DATA PROVIDED:
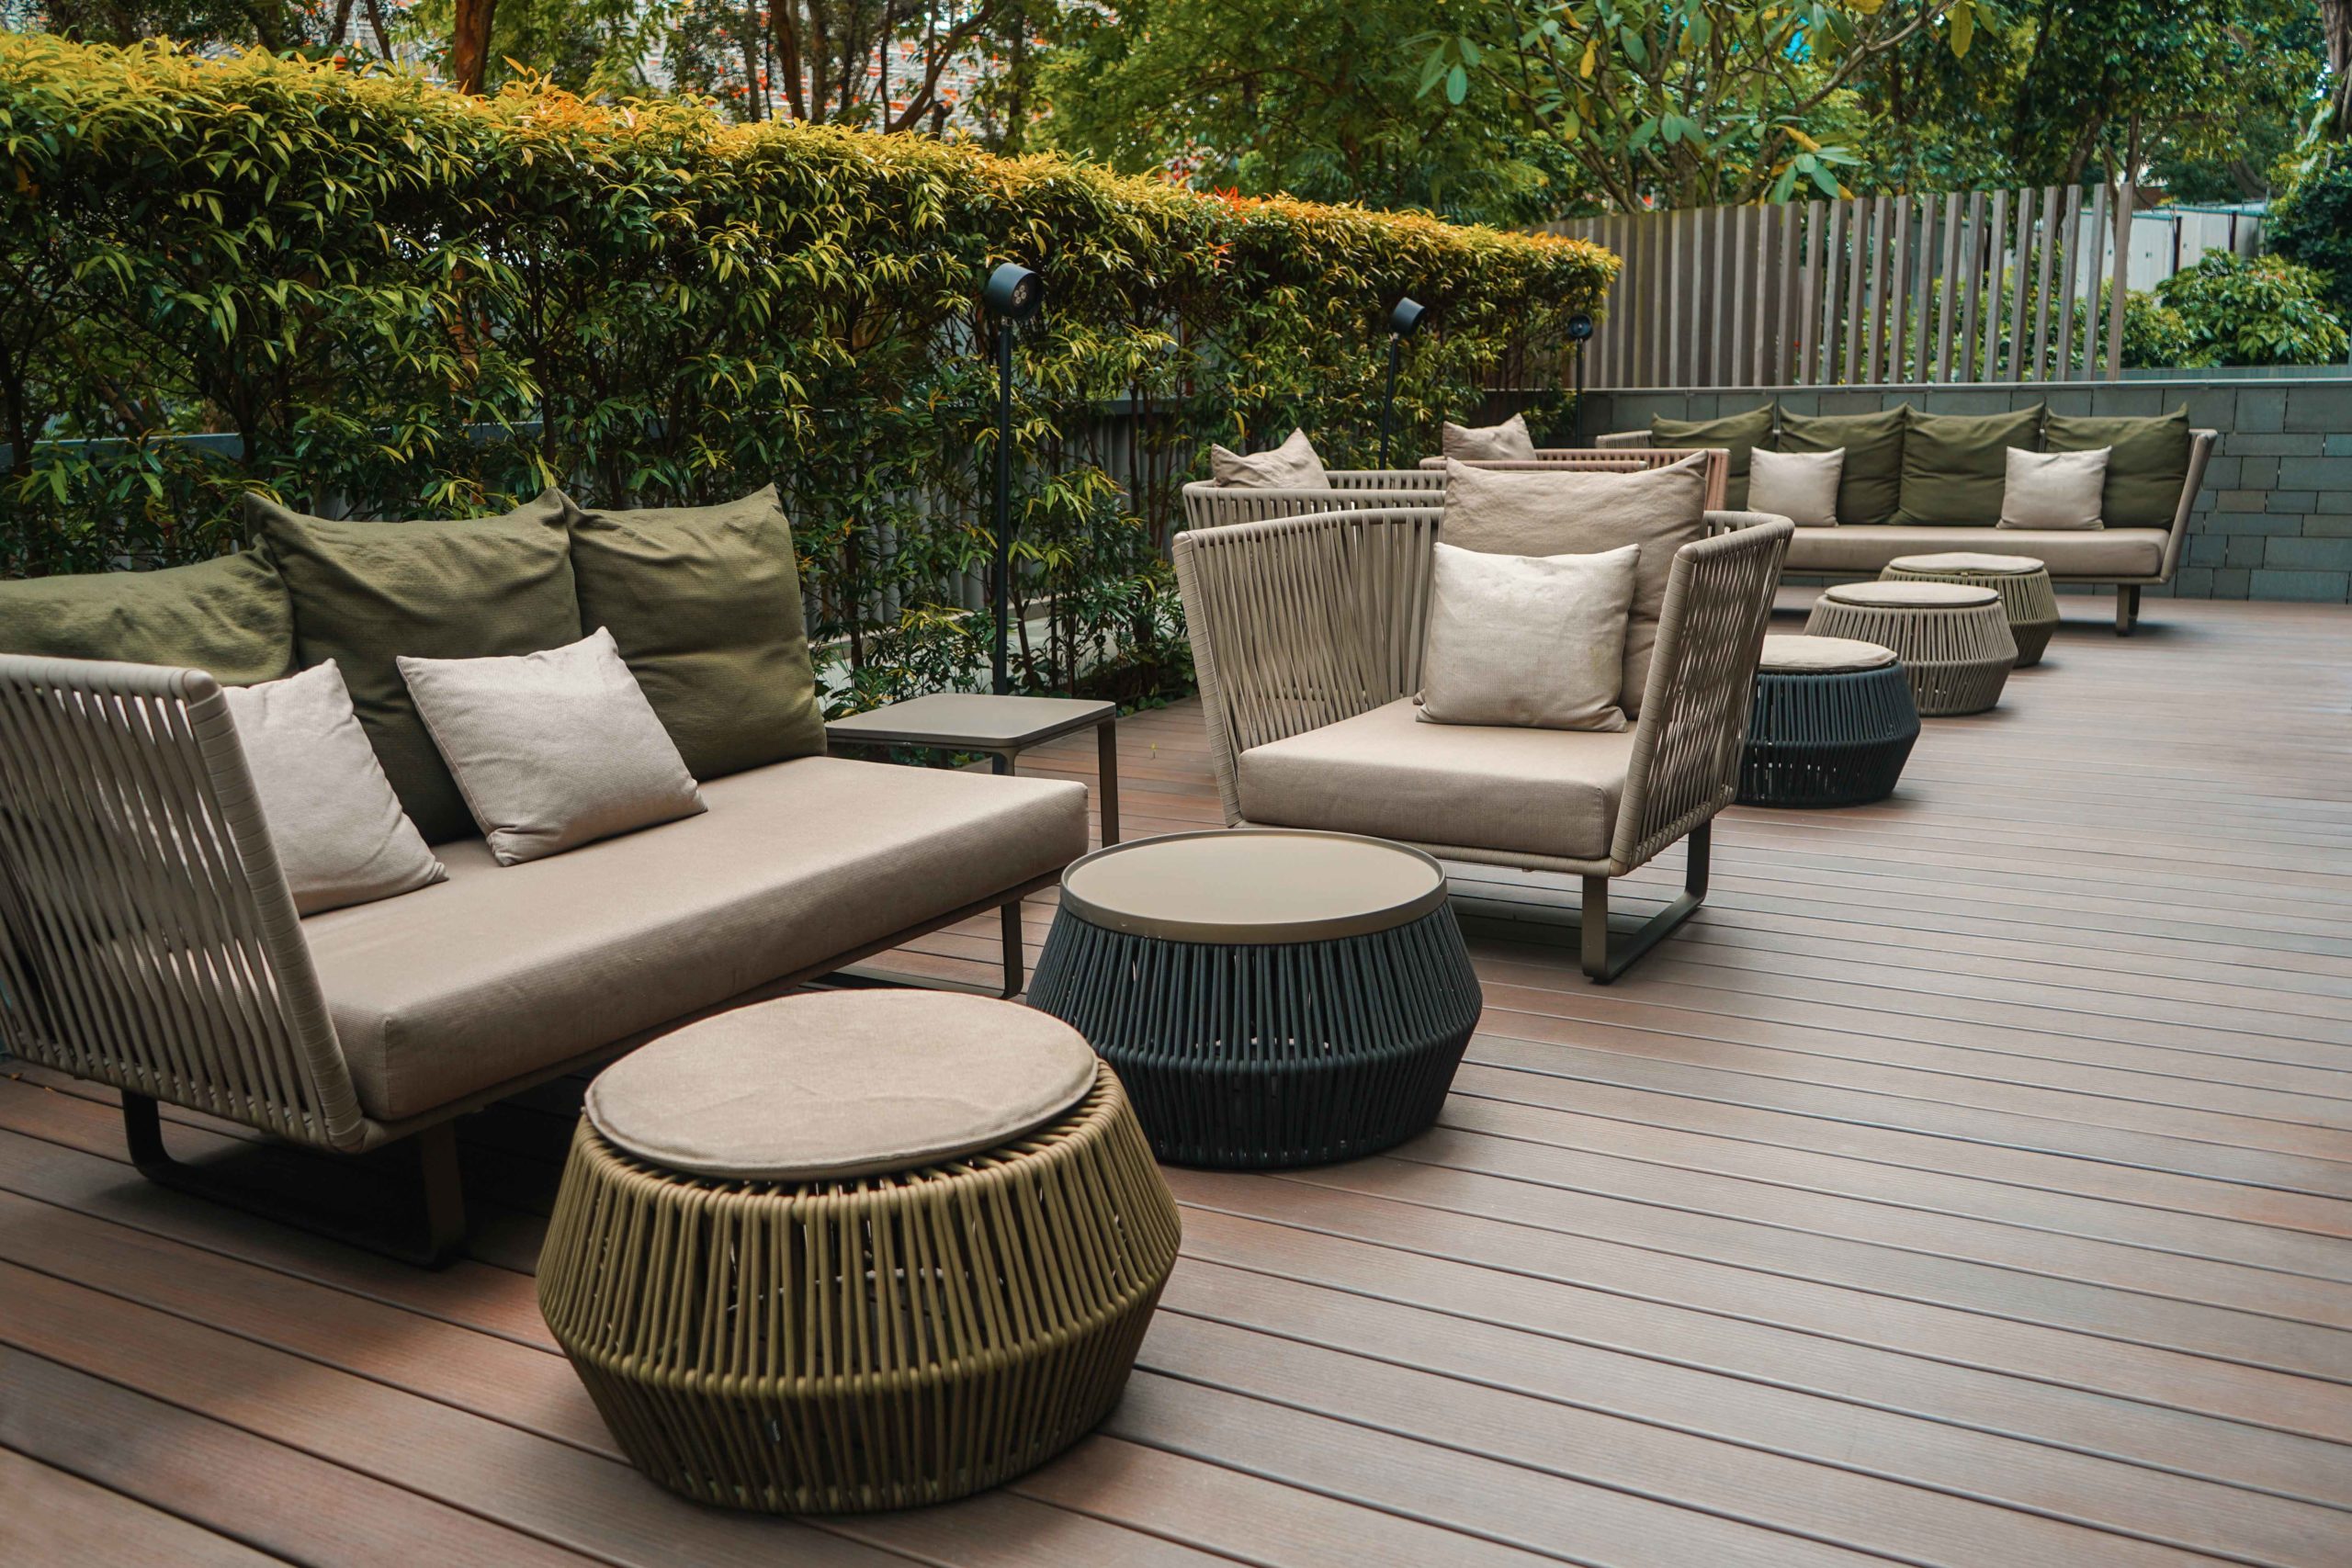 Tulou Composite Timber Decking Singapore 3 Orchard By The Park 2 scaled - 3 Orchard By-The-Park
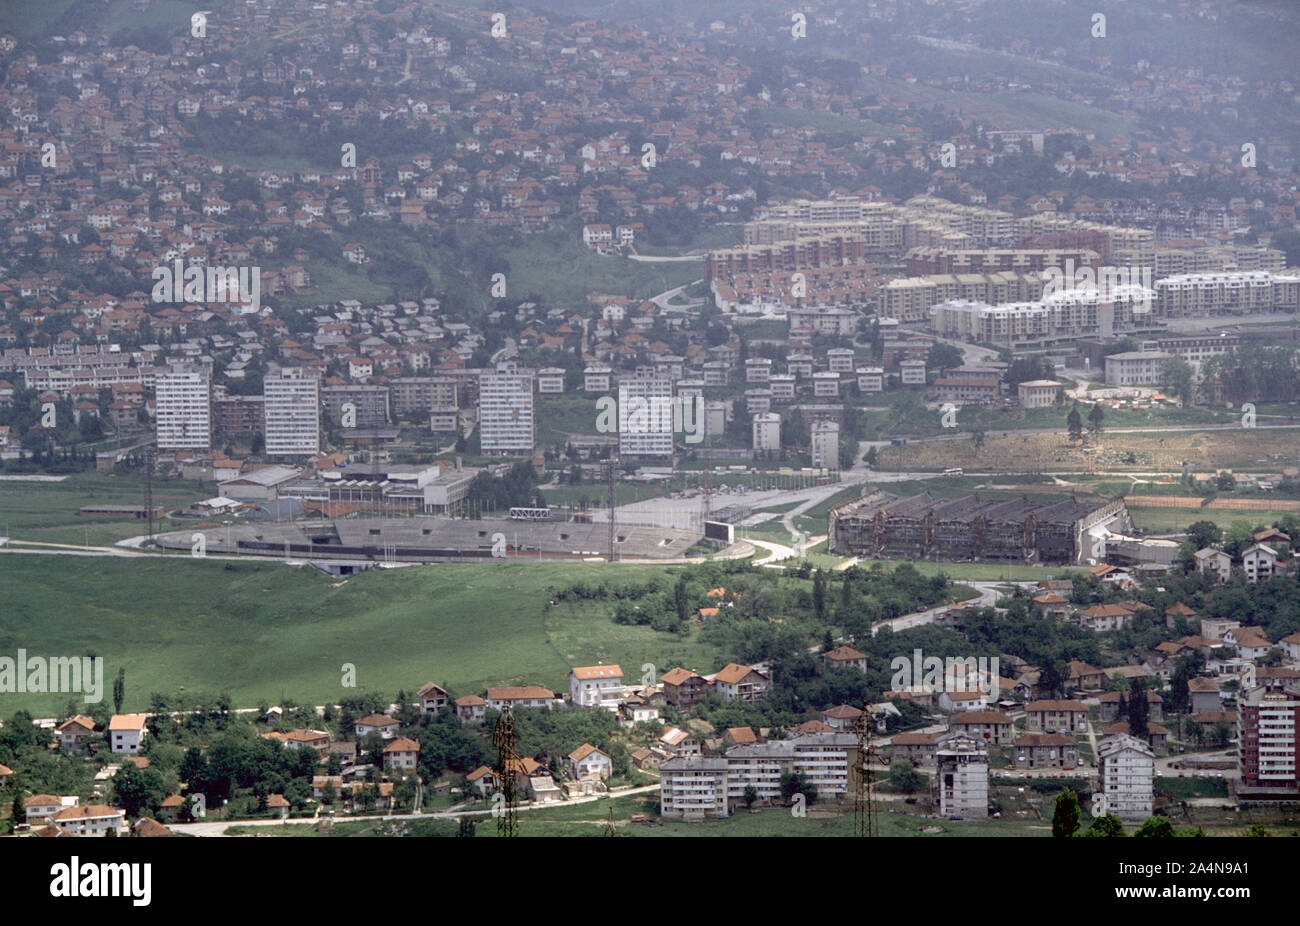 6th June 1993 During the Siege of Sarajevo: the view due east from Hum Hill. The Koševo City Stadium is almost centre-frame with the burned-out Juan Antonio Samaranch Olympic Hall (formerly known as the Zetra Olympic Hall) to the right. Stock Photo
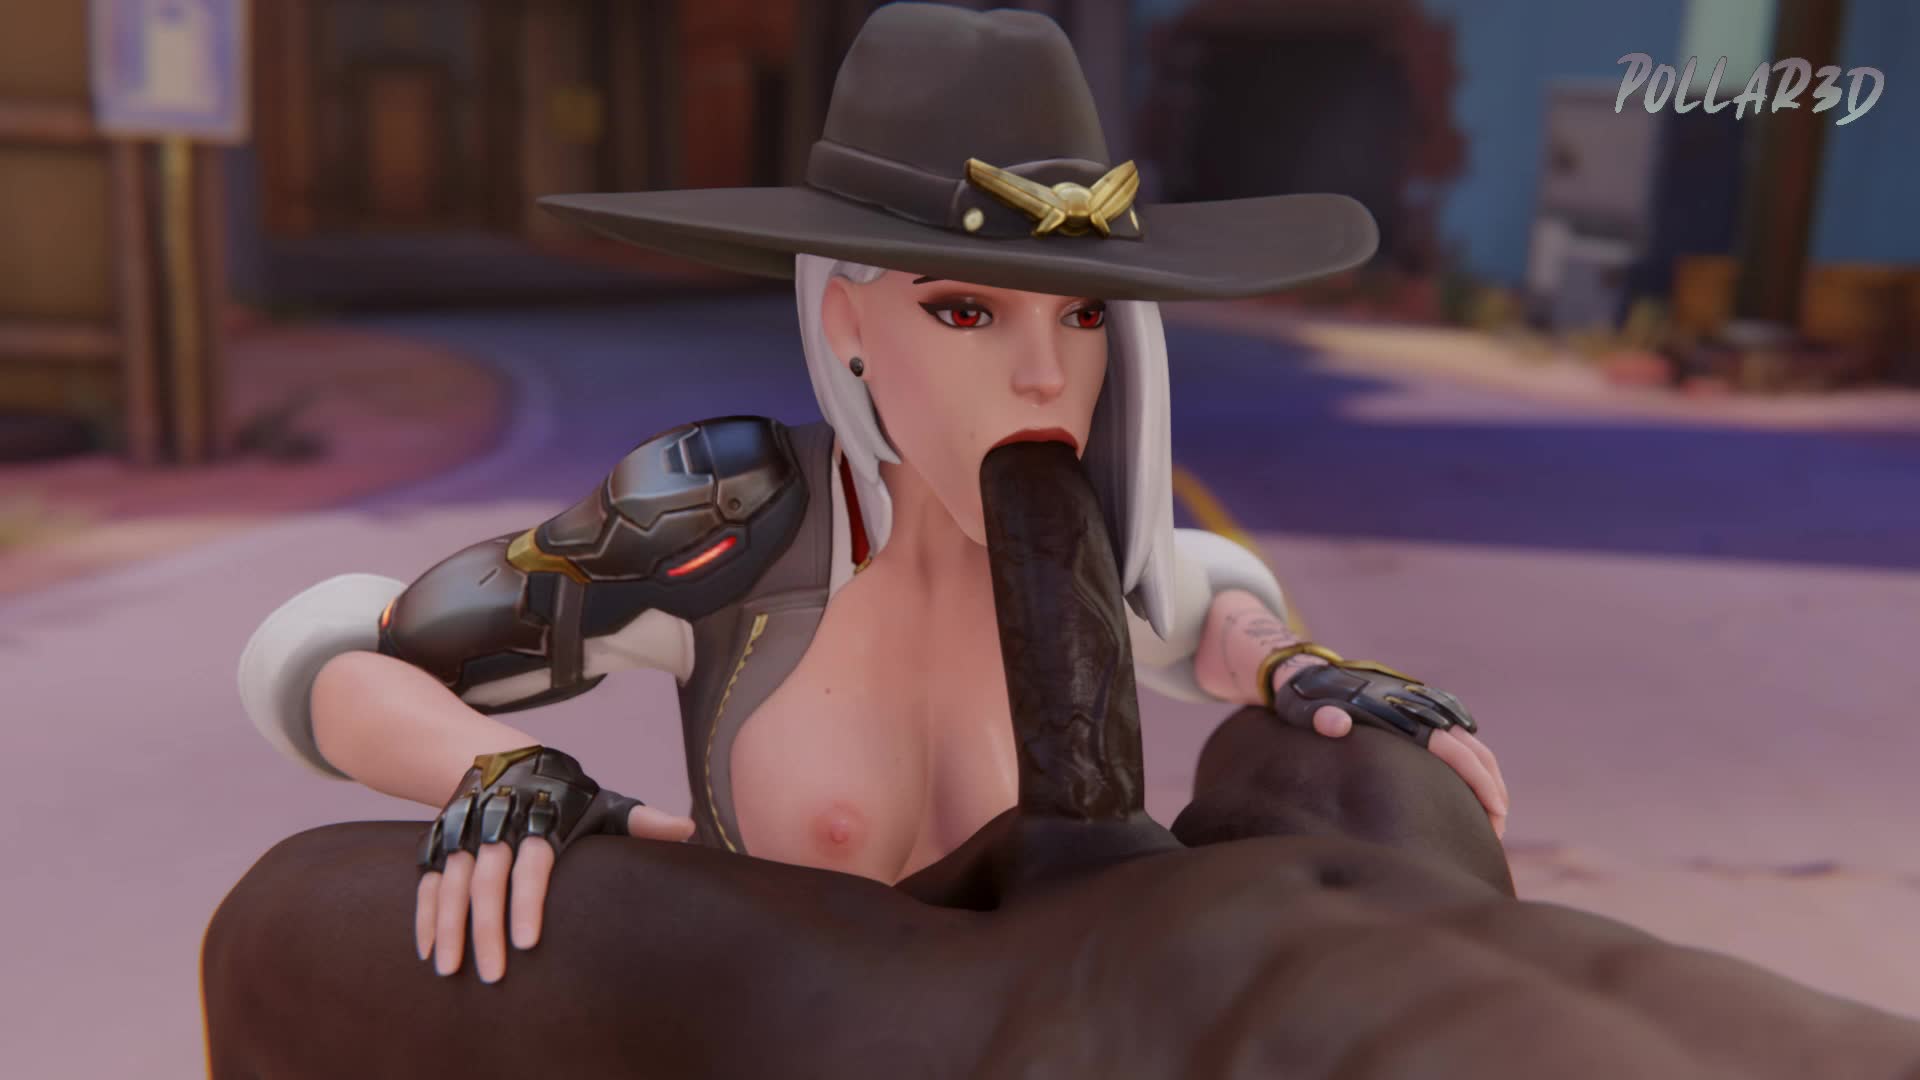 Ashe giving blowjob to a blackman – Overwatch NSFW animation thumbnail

EXERCISE OBJECTIVE:
Reproduce the listing exactly, but keep its images out of the copy.

OUTPUT BELOW:
 Tulou Composite Timber Decking Singapore 3 Orchard By The Park 2 scaled - 3 Orchard By-The-Park
 6th June 1993 During the Siege of Sarajevo: the view due east from Hum Hill. The Koševo City Stadium is almost centre-frame with the burned-out Juan Antonio Samaranch Olympic Hall (formerly known as the Zetra Olympic Hall) to the right. Stock Photo
 Ashe giving blowjob to a blackman – Overwatch NSFW animation thumbnail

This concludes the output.